Just when you thought the move to Melbourne was big enough news, Heston Blumenthal has dropped an even bigger bombshell. In an unexpected and somewhat bizarre move, the British chef announced that The Fat Duck would be moving to an all-duck menu.
“I know it sounds strange. Believe me, I understand,” said Blumenthal, “but if you look at Beijing or Tokyo, there are plenty of restaurants that just do duck, and this kind of specialisation seems like the logical progression in what we do.”
Though precise details are still being worked out on how the transition to the new menu will unfold, Blumenthal has said that many of the dishes that have become Fat Duck signatures will remain. He made mention of the ease with which snail porridge would become duck porridge, how readily the nitro-scrambled egg and bacon ice-cream can be refashioned into nitro-scrambled duck-egg and duck-bacon ice-cream, and how the whisky gums, formerly comprising jellied versions of different drams stuck on a map of Scotland, would be rendered as the great duck fats of the world in the form of liquid-centred jelly beans.
One of the most remarkable of the reworkings Blumenthal has described is the famed Sound of the Sea. The original dish explored the connection between auditory prompts and the perception of taste; the diner has hitherto donned headphones to enjoy the immersive experience of the sounds of gulls and lapping waves as they ate the course. Now, with Sound of the Duck, the seafood on the plate remains the same, but the soundtrack is duck calls followed by shotgun blasts. “It’s really incredible,” enthused Blumenthal. “Where before you thought you were eating seaweed, clams cockles, mussels and other sea life, now, just by changing what you’re listening to, it all has the suggestion of duck. Fishy duck, yes, but duck all the same.”

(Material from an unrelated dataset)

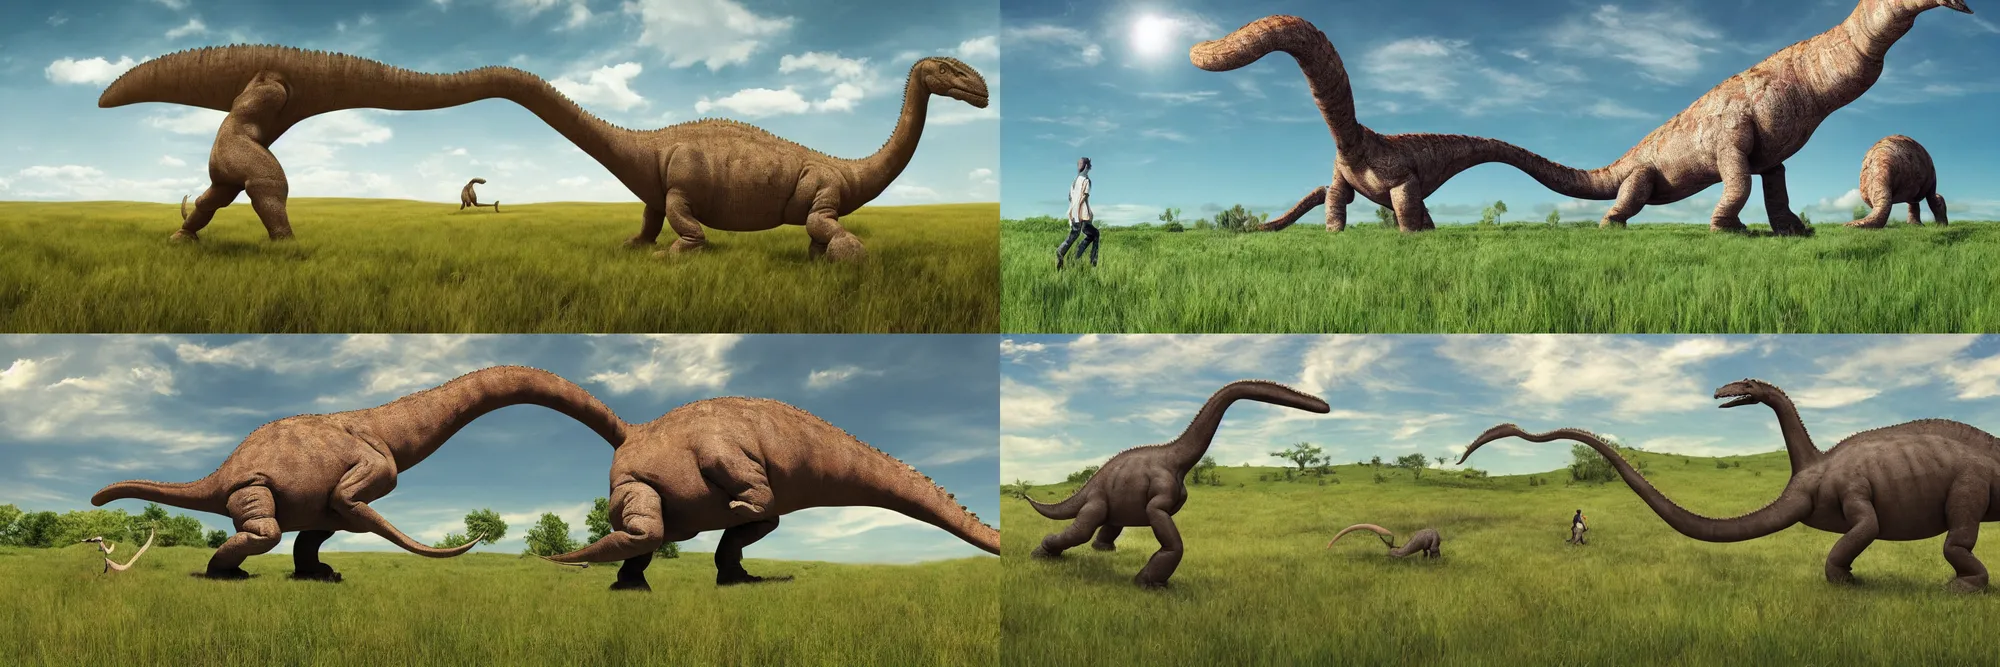 Prompt: a gigantic sauropod dinosaur walking through a grassy plain
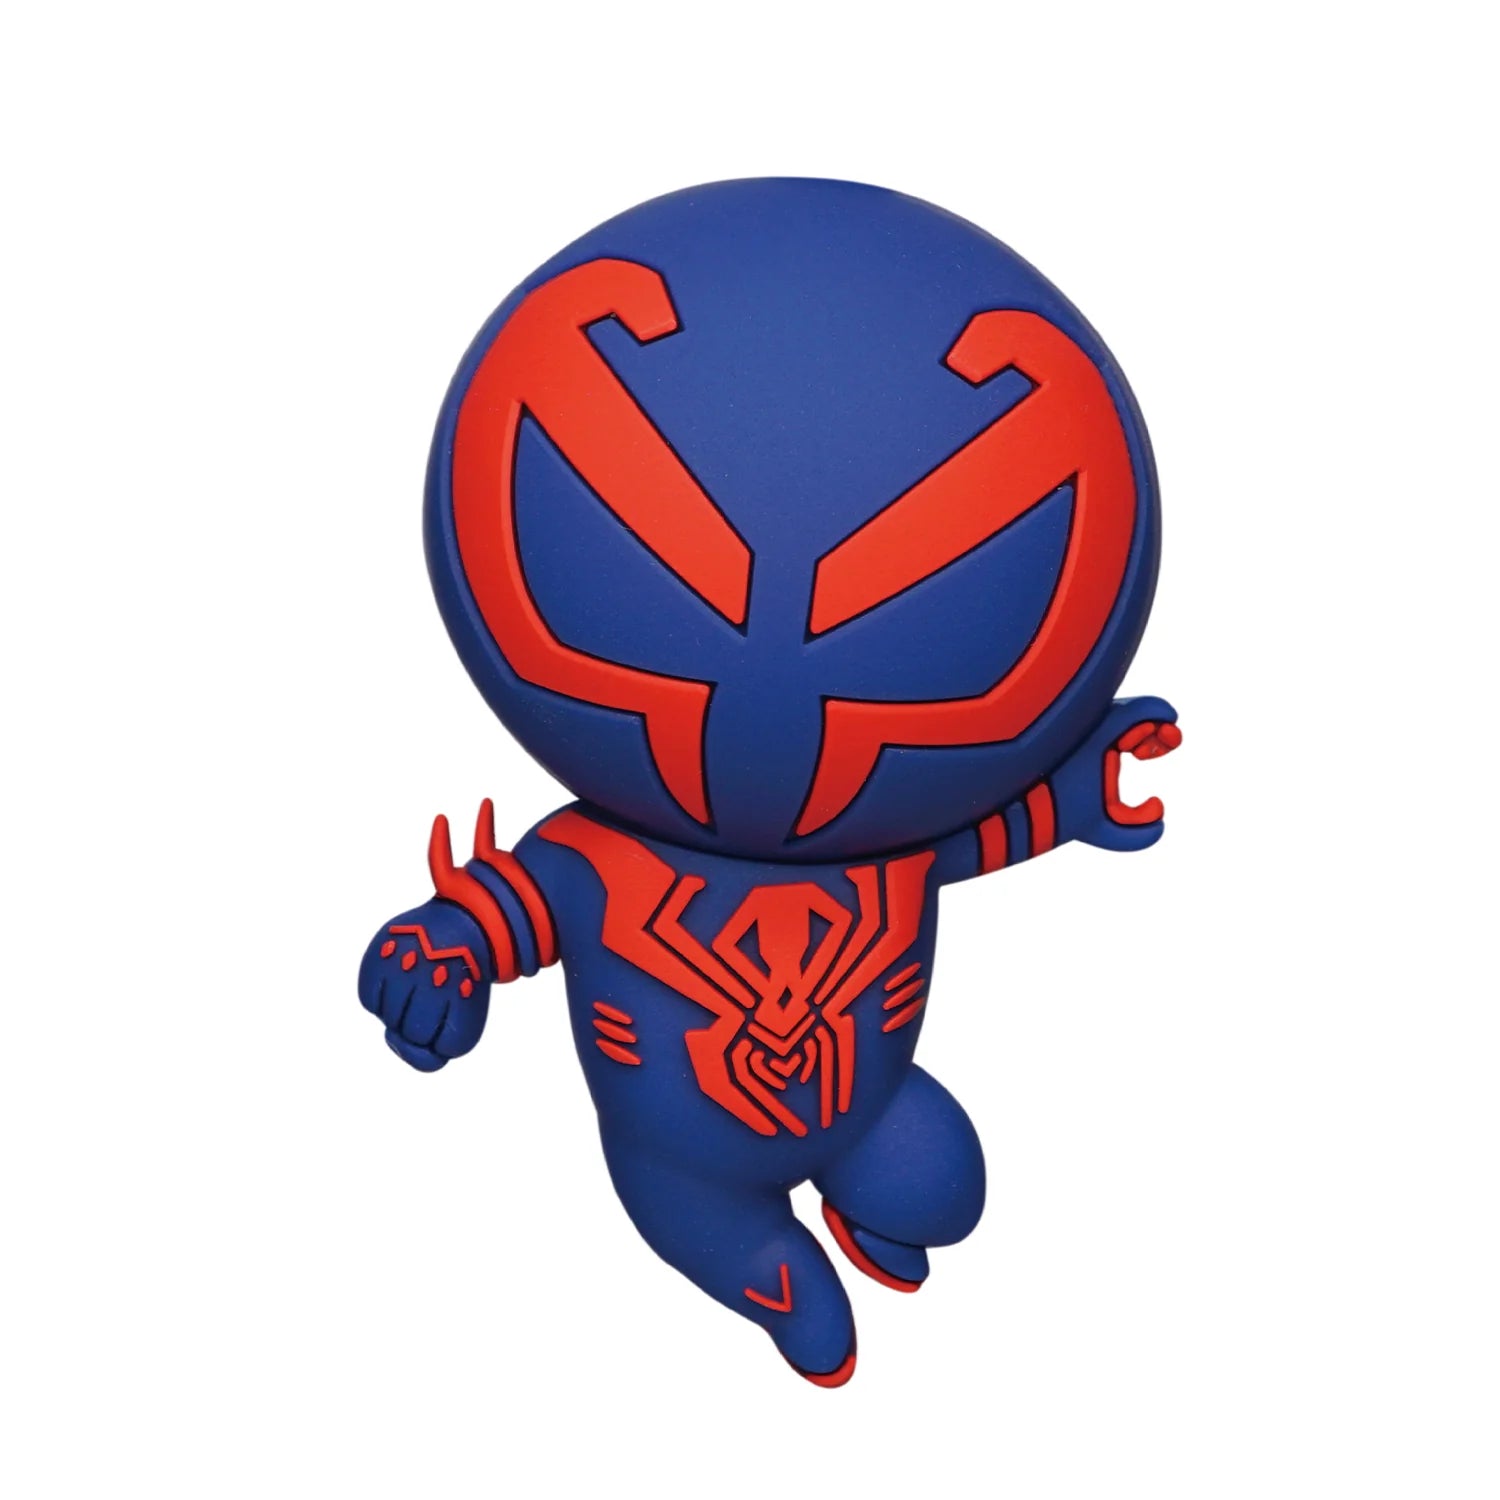 Monogram Iman 3D: SpiderVerse - Spiderman 2099

Perhaps the most controversial move, though, is Blumenthal’s decision to train ducks to deliver certain of the courses – even when those courses contain duck. The ducks in question have been humanely netted along the banks of the Thames, with the approval and assistance of the Department for Environment, Food and Rural Affairs, and Blumenthal has personally devoted weeks of his own time to teaching them. Blumenthal was quick to assure his fans that ducks that failed to meet the standards for service wouldn’t automatically end up on the menu. “They’re as much a part of the team as any of us, and we’d hardly poach one of the other waiters in liquorice gel and serve them with a vanilla anglaise just because they dropped a spoon, would we?”
It was in fact this radical front-of-house project, the chef revealed, that was behind the need to close the restaurant in England for an extended period and move the business to Melbourne for most of the year. “When you think about it, the training and fattening of 90 ducks to replace up to two-thirds of our floor staff” – the ducks have thus far proven incapable of pouring wine – “is a gargantuan task, and one we needed to completely clear out the restaurant at Bray to accomplish.”
As ever, no matter how loopy his proposals, Blumenthal has no shortage of historical precedents to cite as inspiration. “You only have to look to Chaucer detailing the training of water-fowl at inns in “The Cook’s Tale” in The Canterbury Tales, or the interlude in the first-folio version of King Lear where Gloucester drinks tea brought to him by a tame goose,” he said. “And British history is rife with examples of this sort of hospitality, whether it’s the famed Tudor toast-swans, or the flock of tame whisky-geese maintained by the late Queen Mother at Balmoral. It’s only fitting that we carry on the tradition, be it with mallards, grebes or loons.”
The Fat Duck’s all-duck menu is expected to make its first appearance before noon on 1 April 2016.